Sci Ed. 2024;11(1):81-83
Publication date (electronic) : 2024 January 30
doi : https://doi.org/10.6087/kcse.325
Korean Movement Disorder Society, Seoul, Korea
Correspondence to Soo Jung Shin iless@naver.com
Received 2023 October 18; Accepted 2023 November 14.
  • Meeting: Online Workshop for Academic Journal Editors (2023-A03)

  • Date: September 20, 2023

  • Venue: Virtual conference

  • Organizer: Korean Council of Science Editors (KCSE)

  • Theme: State of the art in scientific publishing

As I engage in various tasks related to medical publishing for the Journal of Movement Disorders, I sometimes become so engrossed in the minutiae that I lose sight of the bigger picture—that is, as the saying goes, I lose sight of the forest for the trees. In doing so, I may inadvertently overlook the ever-changing seasons in the vast realm of academic publishing.

In this context, attending a workshop offers a valuable opportunity to gain an objective perspective on the work I have been engaged in. As the adage states, “You can’t know where you’re going until you know where you’ve been.” A workshop also provides a chance to identify and address any overlooked shortcomings that I may have mistakenly thought I understood. Additionally, attending a workshop makes it possible to acquire and apply the most recent knowledge in a novel manner—much like ascending a staircase of experience and unveiling a window to a more expansive view.
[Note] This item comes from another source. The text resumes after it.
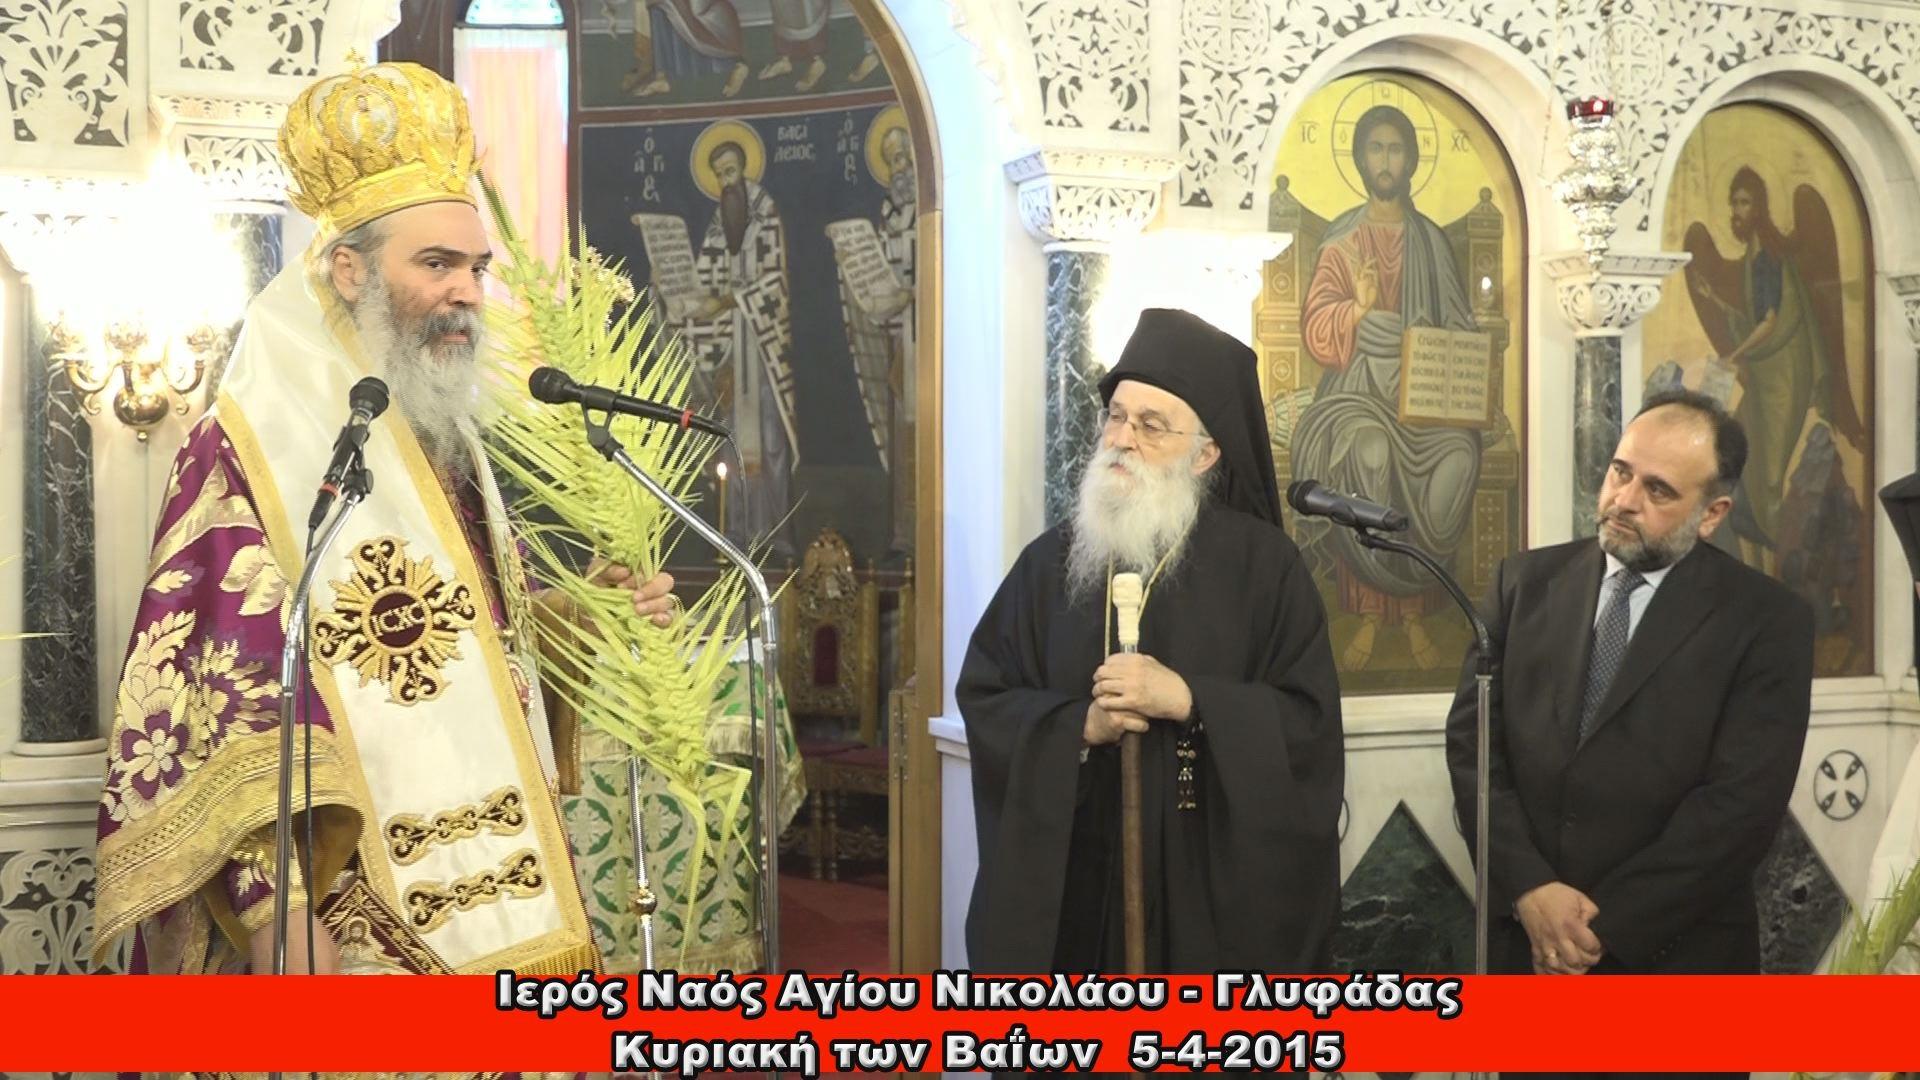 Ιερός Ναός Αγίου Νικολάου Γλυφάδας - Κυριακή των Βαΐων - Αρχιερατική Θεία Λειτουργία.

The Online Workshop for Academic Journal Editors, which started at 9 AM and continued until noon on Wednesday, September 20, 2023, consisted of five lectures. The first presentation, titled “Paper Mill Status and Editorial Responses,” was delivered by Cheol-Heui Yun, Chair of the Publication Ethics Committee at the Korean Council of Science Editors (KCSE) and Seoul National University. Yun provided a comprehensive overview of paper mills and the challenges they pose in the context of open science. I had the opportunity to learn about a report [1] jointly produced by the Committee on Publishing Ethics (COPE) in the United Kingdom and the International Association of Scientific, Technical, and Medical Publishers (STM). This report explores the operational methods, historical background, scale, and specific areas of concern related to paper mills. It also proposes specific recommendations to address these issues, which can be implemented in journal publishing.
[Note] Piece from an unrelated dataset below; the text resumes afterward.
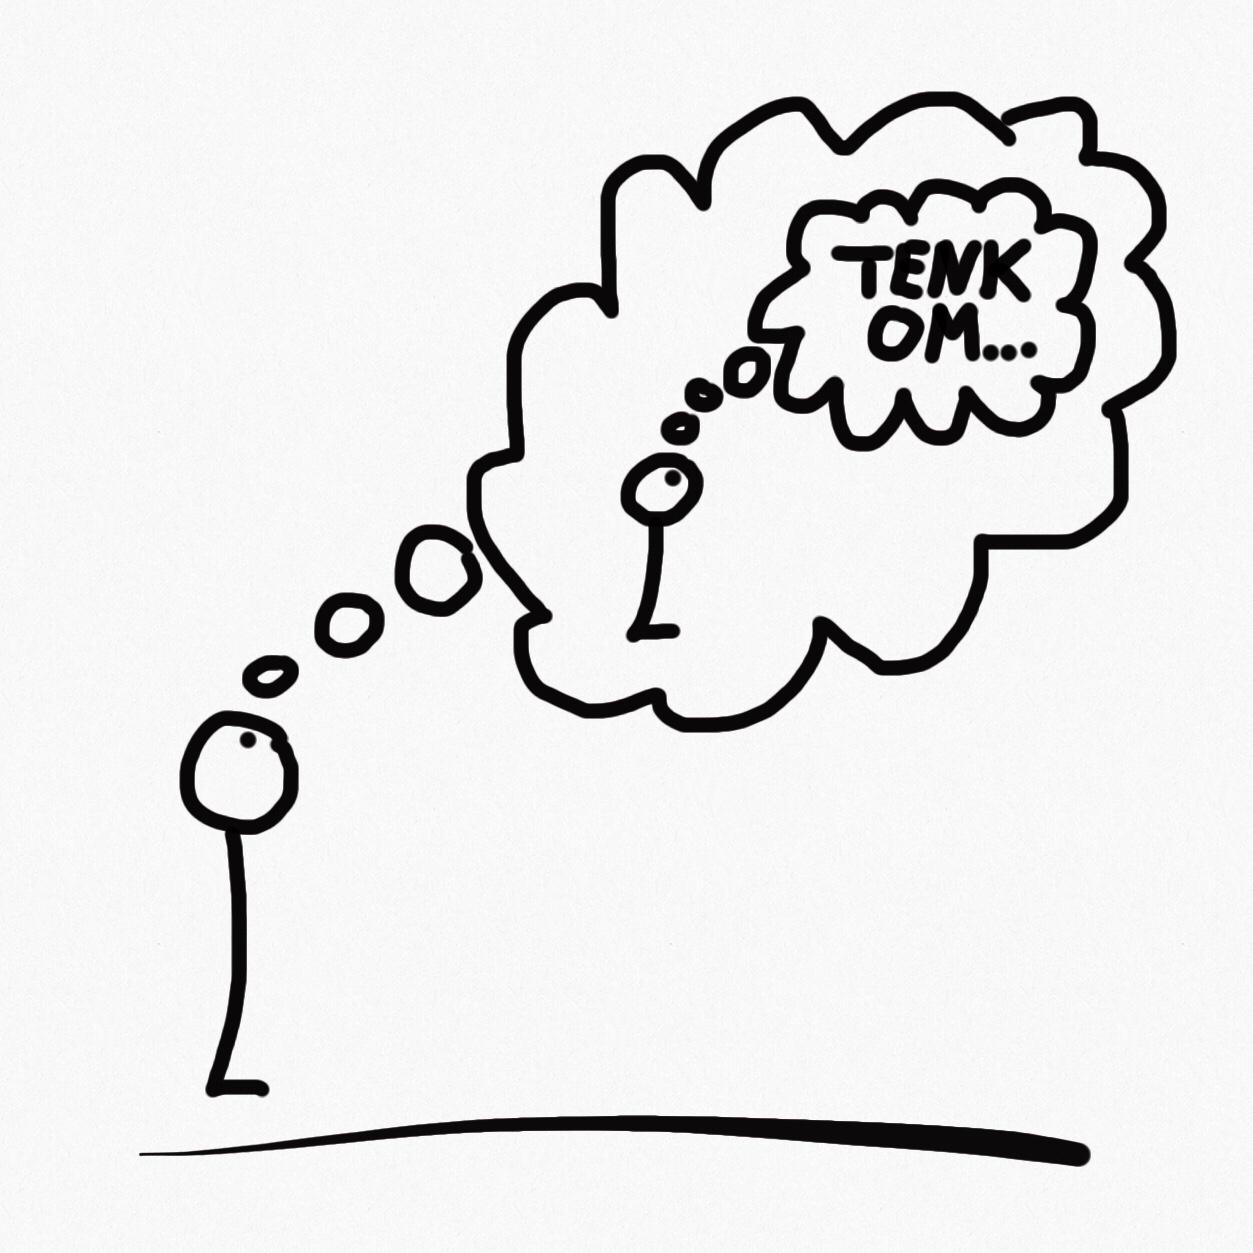 Metakognitiv terapi illustrert med en strekmann som tenker på en strekmann - ham selv - som tenker

The second session, titled “State of the Art of Open Access,” was presented by Kihong Kim, President of KCSE at Ajou University. I gained insights into Plan S, a policy for open access to scientific publishing, implemented by European funding agencies in January 2021. According to the Plan S policy, funding for transformative (hybrid) journals will cease by December 2024, and any journals failing to meet the stipulated conditions will be discontinued prior to this date [2]. A White House Office of Science and Technology Policy memo has also declared that all federal funding agencies in the United States will adopt and implement a policy akin to Plan S by the end of 2025 [3]. A comprehensive discussion has been initiated on the no-pay publishing model, which involves the publication of journals using only public funds, without any publication or subscription fees. This policy could potentially address issues related to predatory journals and paper mills to a certain extent. However, it remains uncertain whether the publishing industry will sustain this model, the amount of public funding required to cover publishing costs, and whether academic freedom will be compromised due to the excessive promotion of academic publishing.

The third presentation, entitled “ChatGPT and Article Writing, Reviewing, and Publishing,” was delivered by Sun Huh from Hallym University. He discussed the applications of ChatGPT-4 (OpenAI), a leading artificial intelligence (AI) chatbot, in the context of article writing, manuscript review and editing, and academic journal publishing [4]. The consideration of whether AI chatbots like ChatGPT could be employed for peer review led me to acknowledge the necessity of creating submission guidelines for AI chatbots.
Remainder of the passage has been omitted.